» **Aim of the task**
Repeat the listing below in full and exactly. Pictures are to be omitted.

» **Data below**
━━━━━━━━━━━━━━━━━━━━━━━━━━━━━━
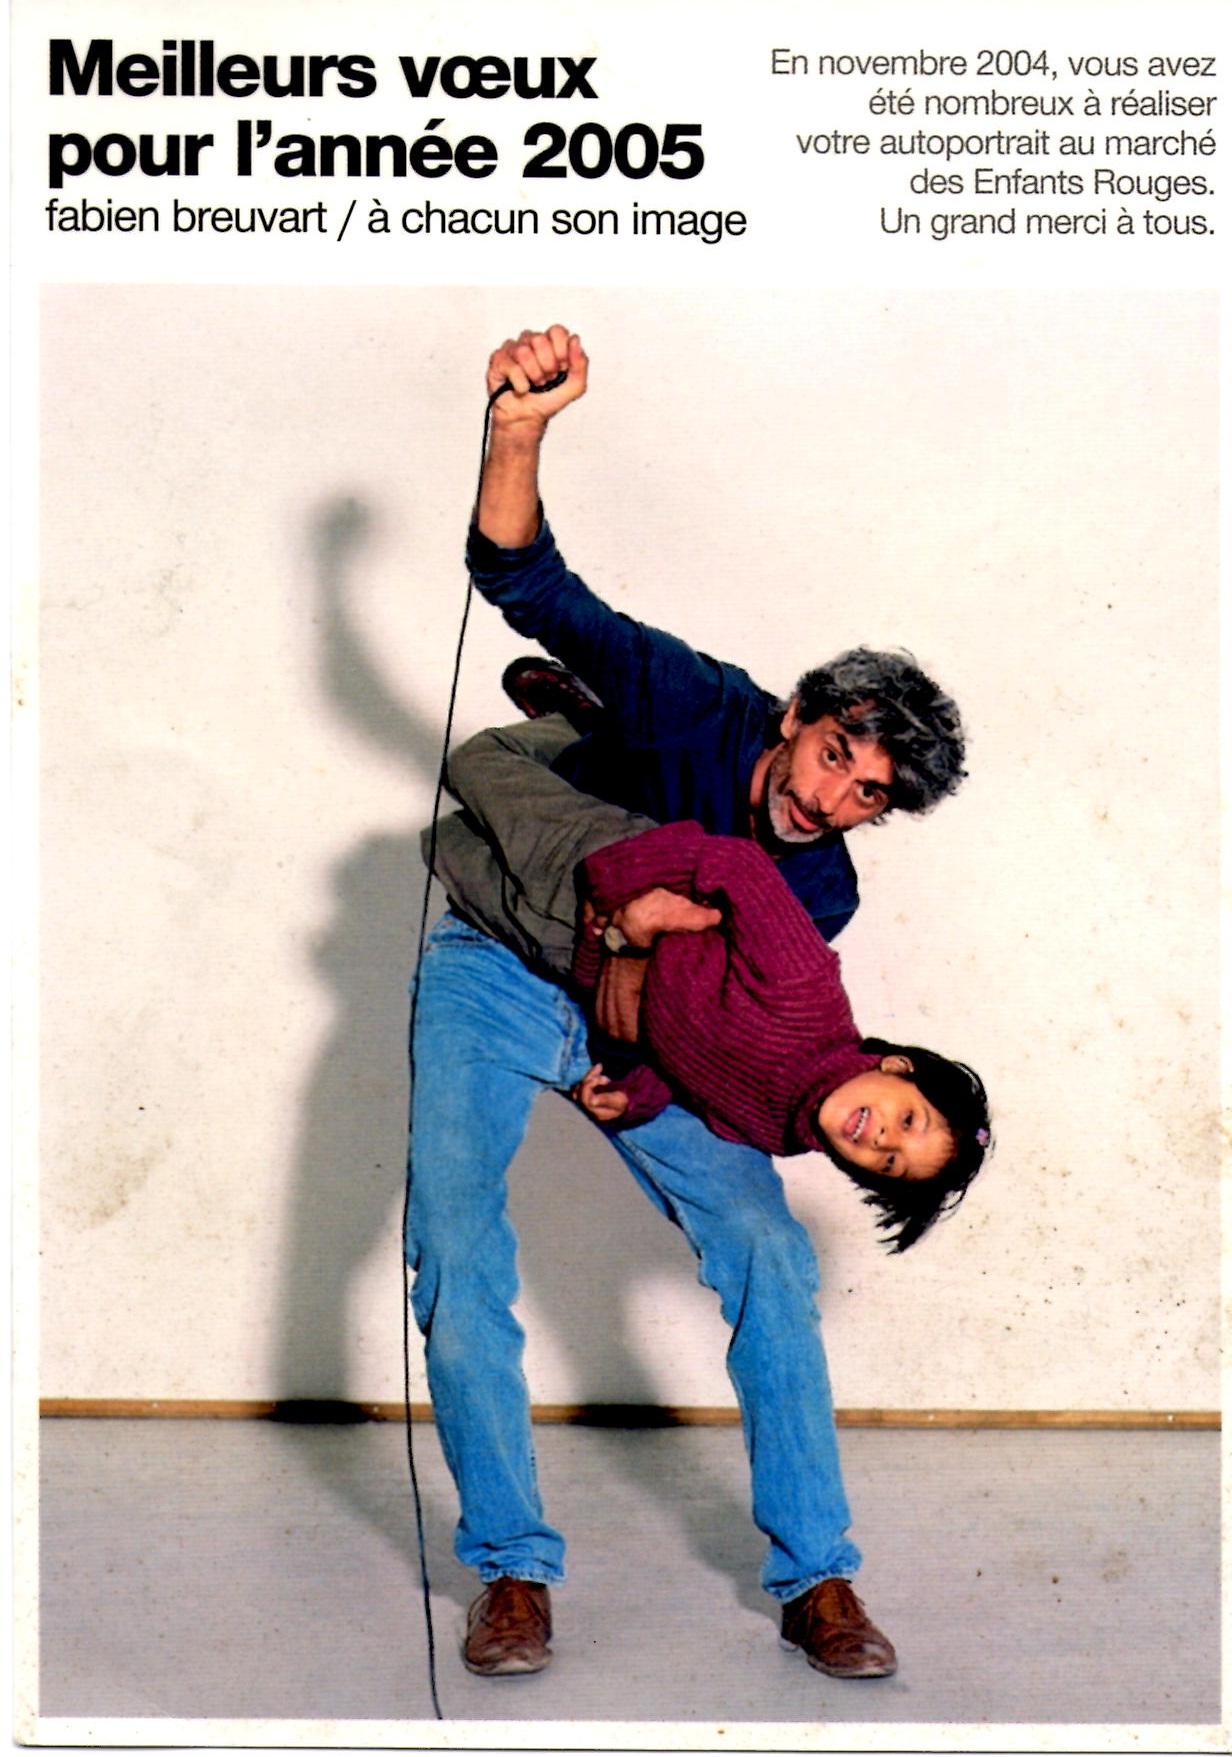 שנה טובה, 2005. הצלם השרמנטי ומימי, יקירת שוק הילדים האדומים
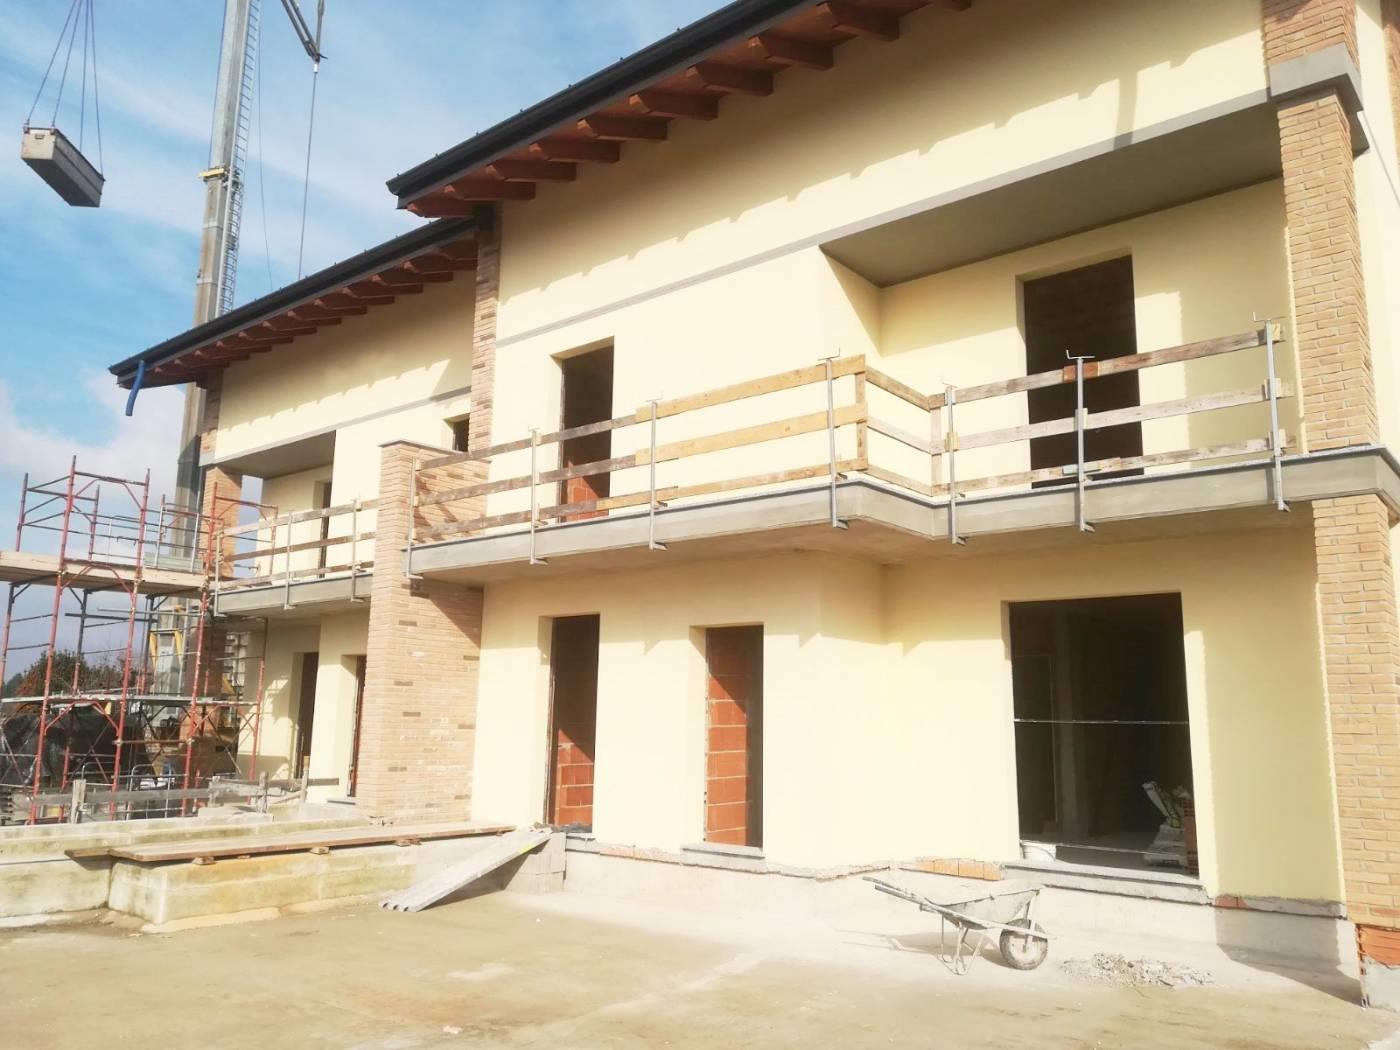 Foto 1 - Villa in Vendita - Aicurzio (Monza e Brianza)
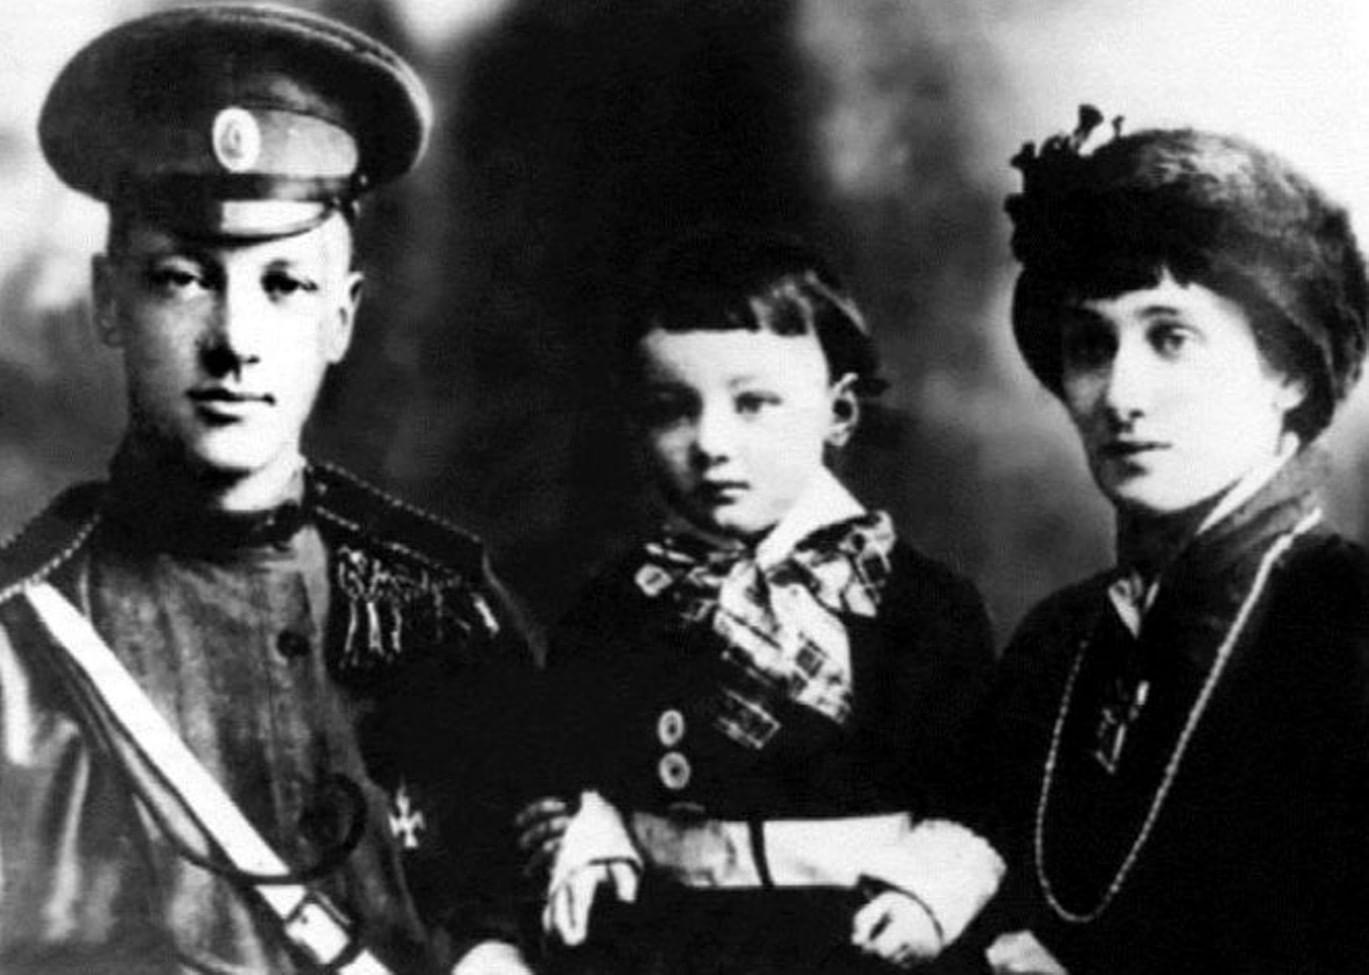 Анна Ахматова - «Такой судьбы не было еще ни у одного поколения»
━━━━━━━━━━━━━━━━━━━━━━━━━━━━━━
» **Your solution**
 שנה טובה, 2005. הצלם השרמנטי ומימי, יקירת שוק הילדים האדומים
 Foto 1 - Villa in Vendita - Aicurzio (Monza e Brianza)
 Анна Ахматова - «Такой судьбы не было еще ни у одного поколения»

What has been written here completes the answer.